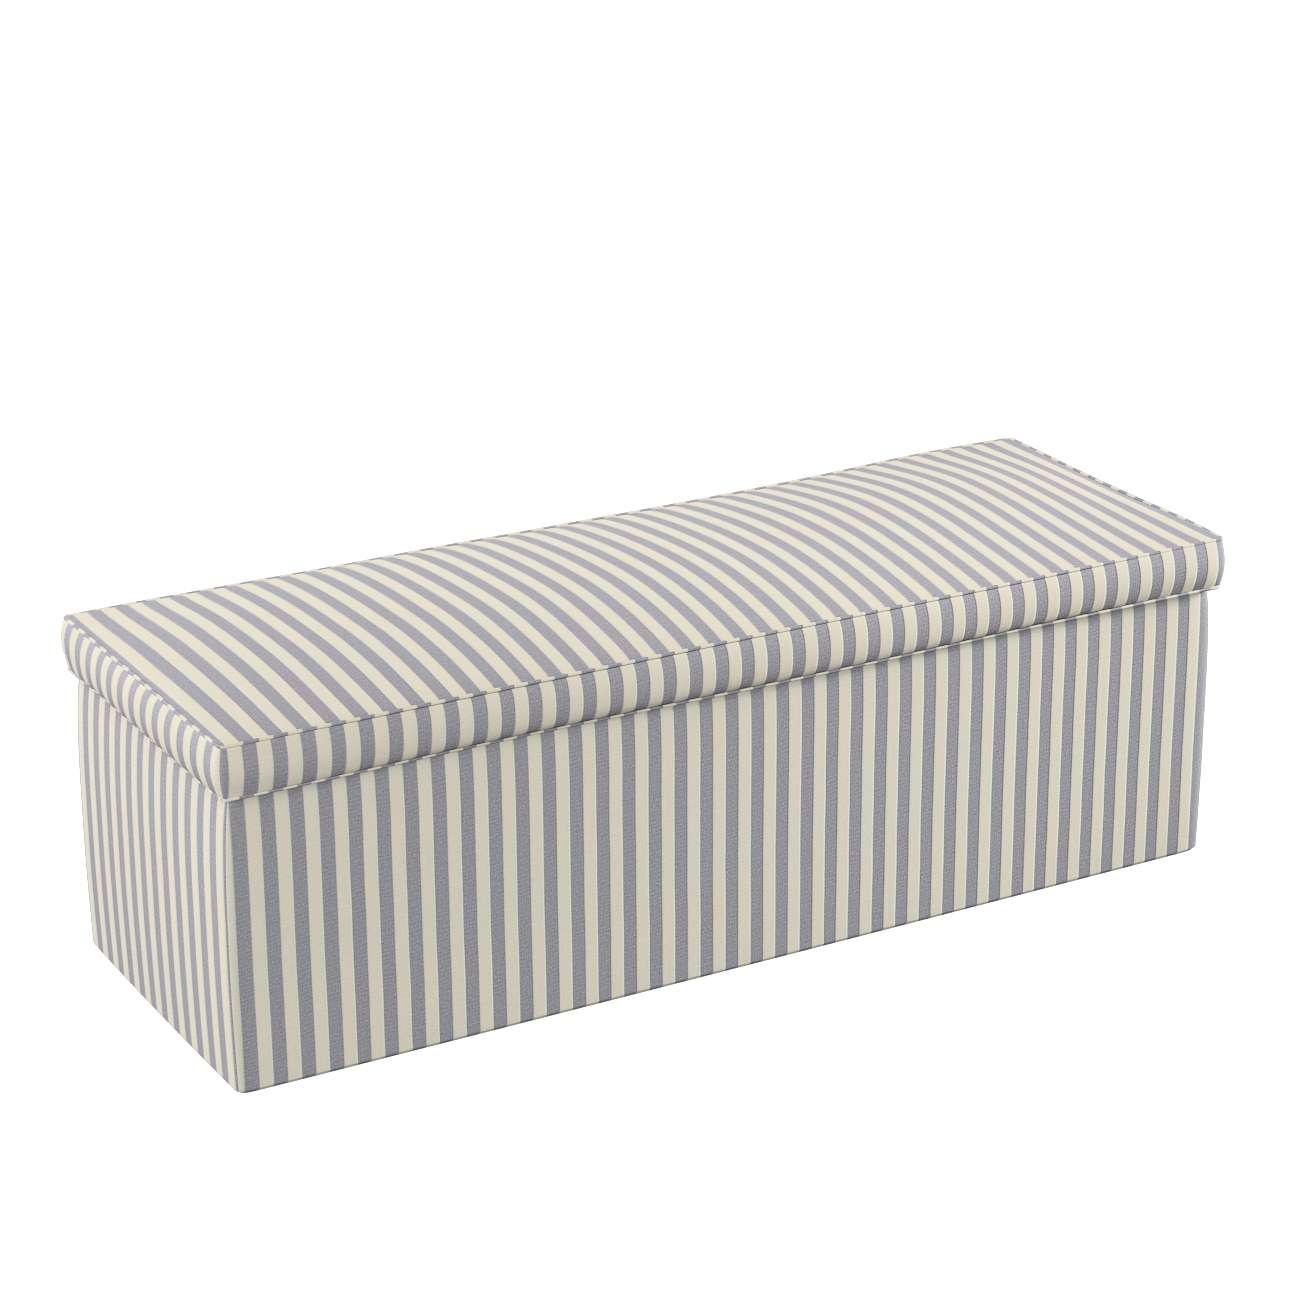 Čalouněná skříň s volbou látky - 2 velikosti v kolekci Quadro, látka: 136-02
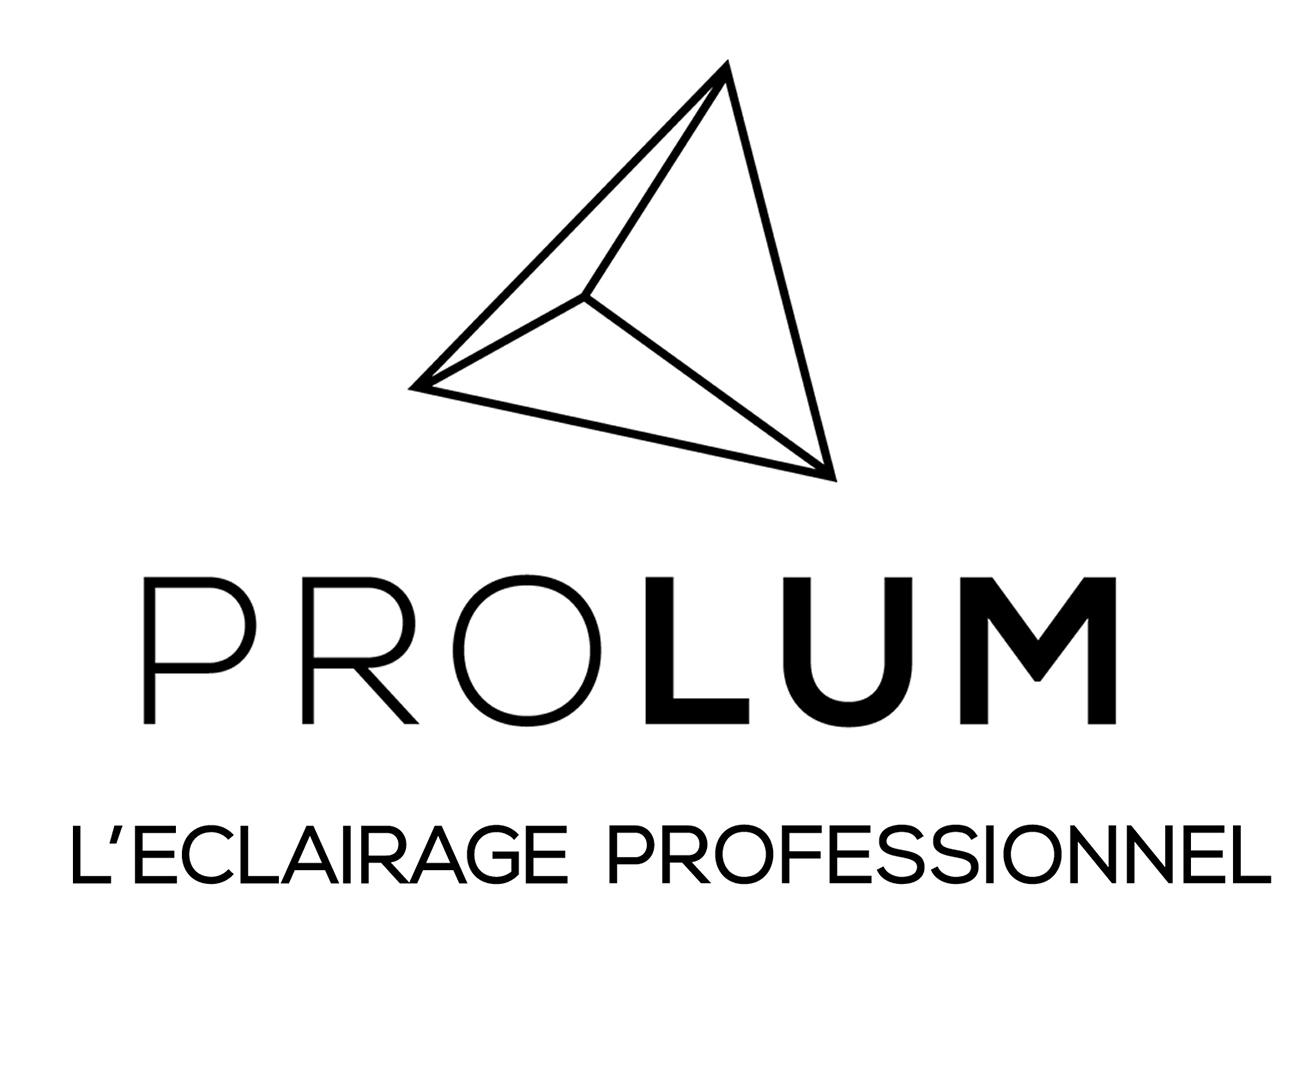 Prolum éclairage professionnel
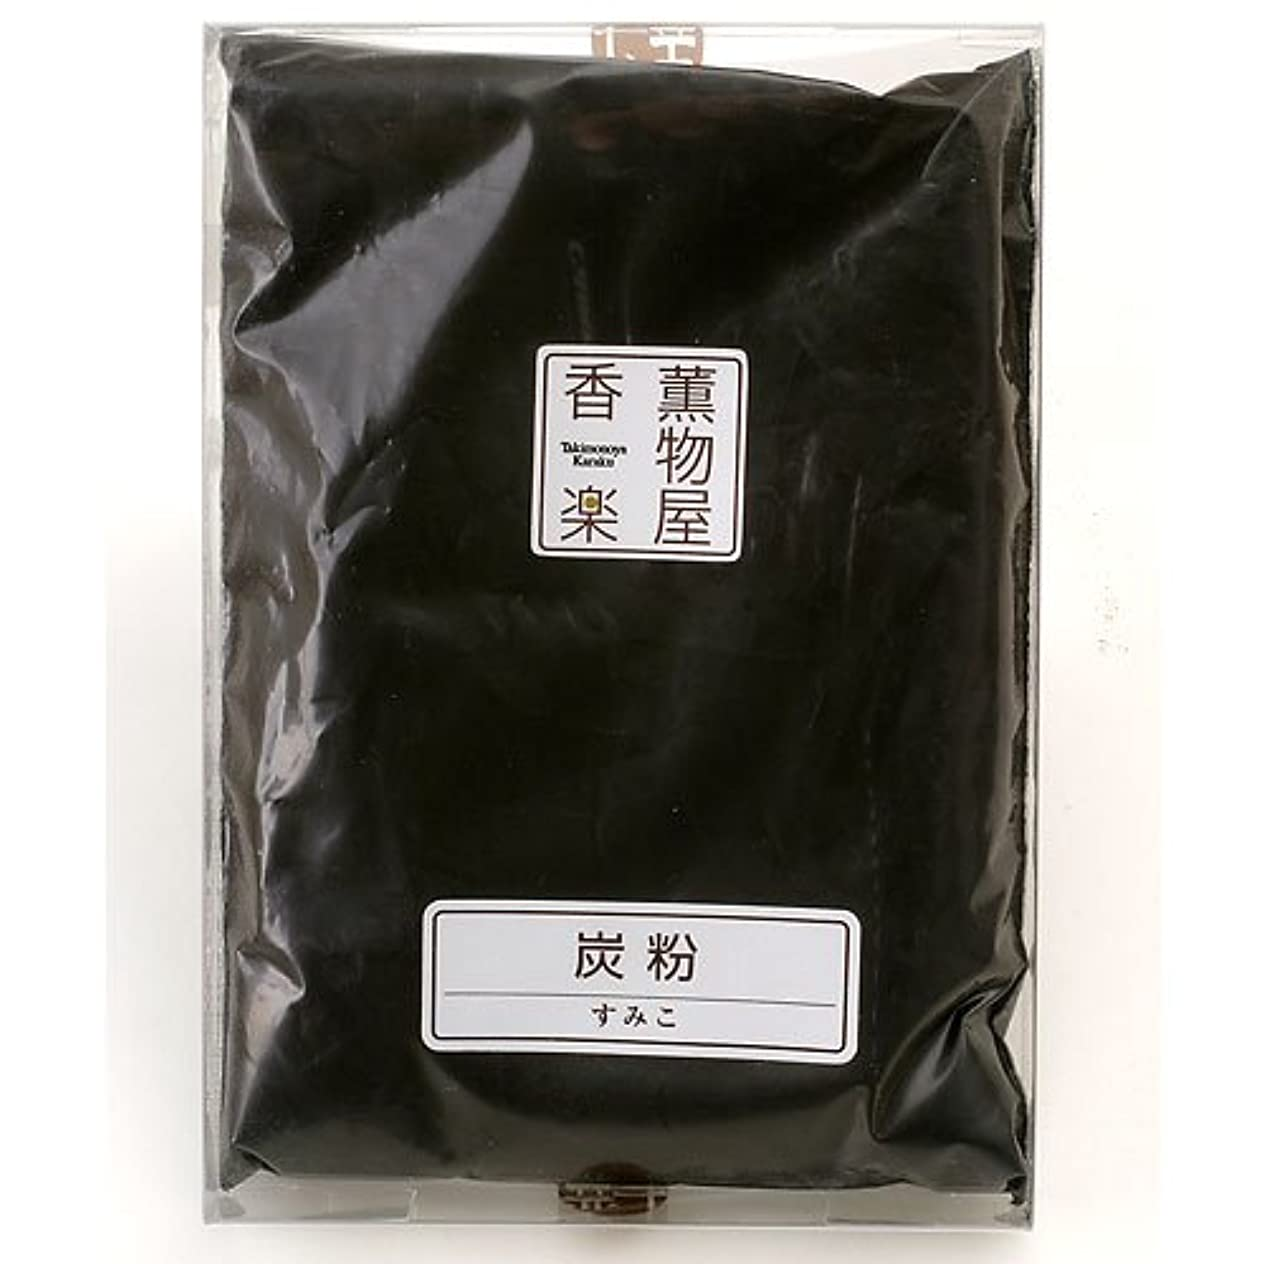 契約する浮浪者マウント炭粉(着火/カビ防止) 線香?練香の材料
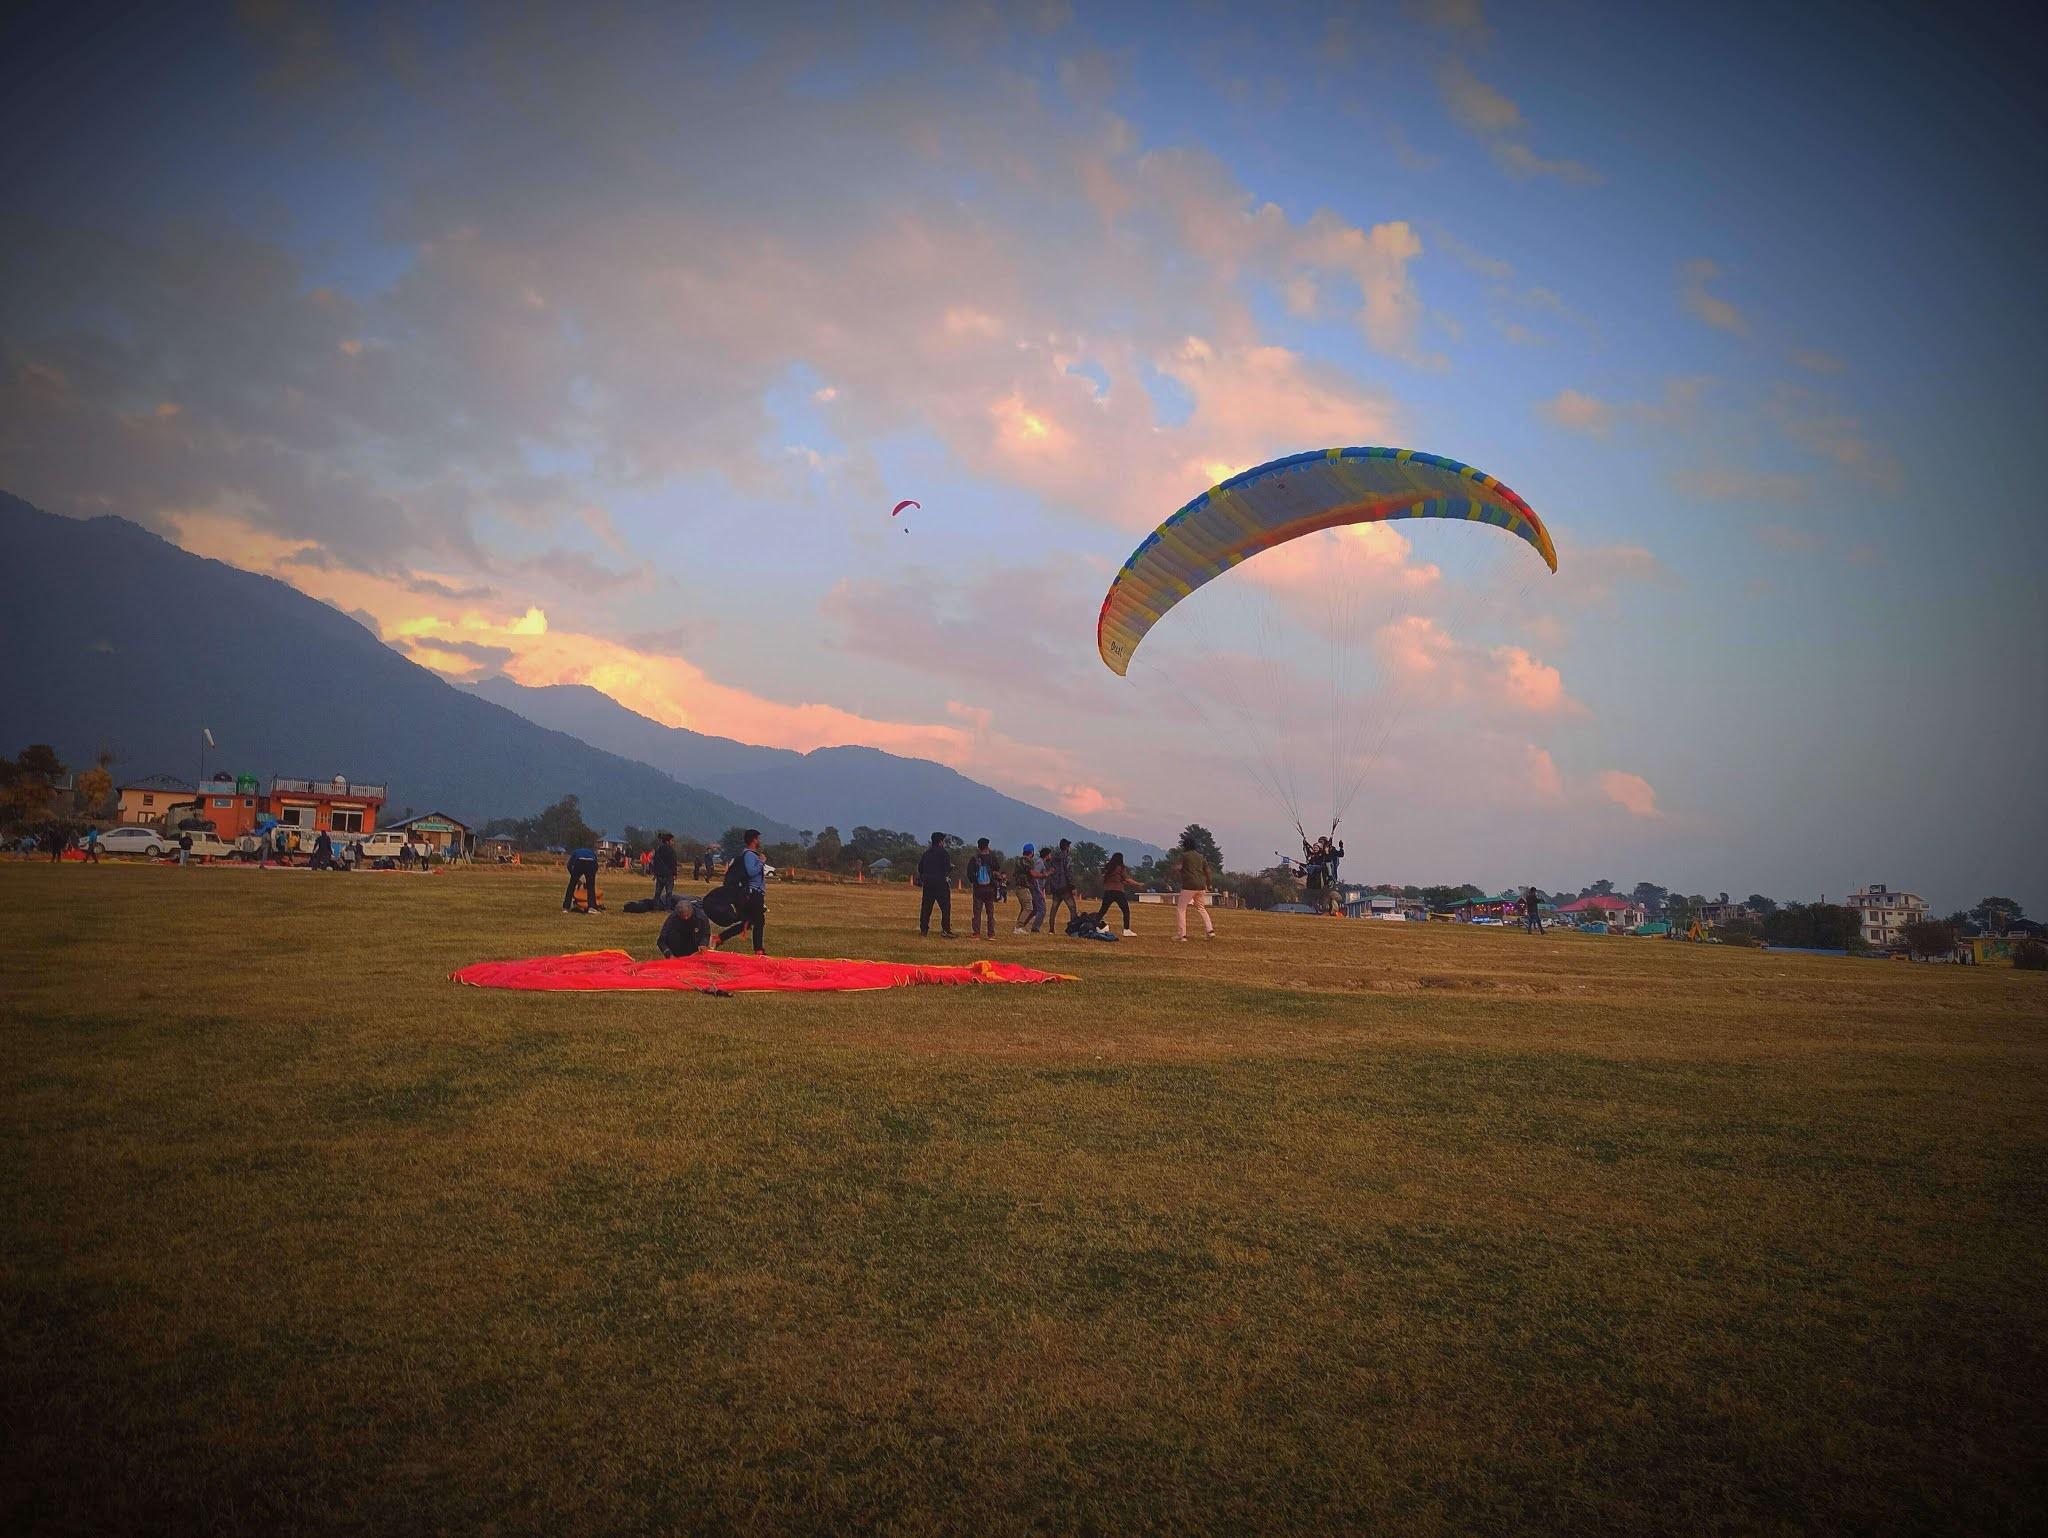 bir-billing-paragliding-short-flying

=======

◆ EXERCISE DETAILS ◆
Your task is to retype exactly the lines that run from the line with "契約する浮浪者マウント炭粉(着火/カビ防止) 線香?練香の材料" through the last line of the material, with the pictures left out.

◆ RESPONSE AREA ◆
 契約する浮浪者マウント炭粉(着火/カビ防止) 線香?練香の材料
 bir-billing-paragliding-short-flying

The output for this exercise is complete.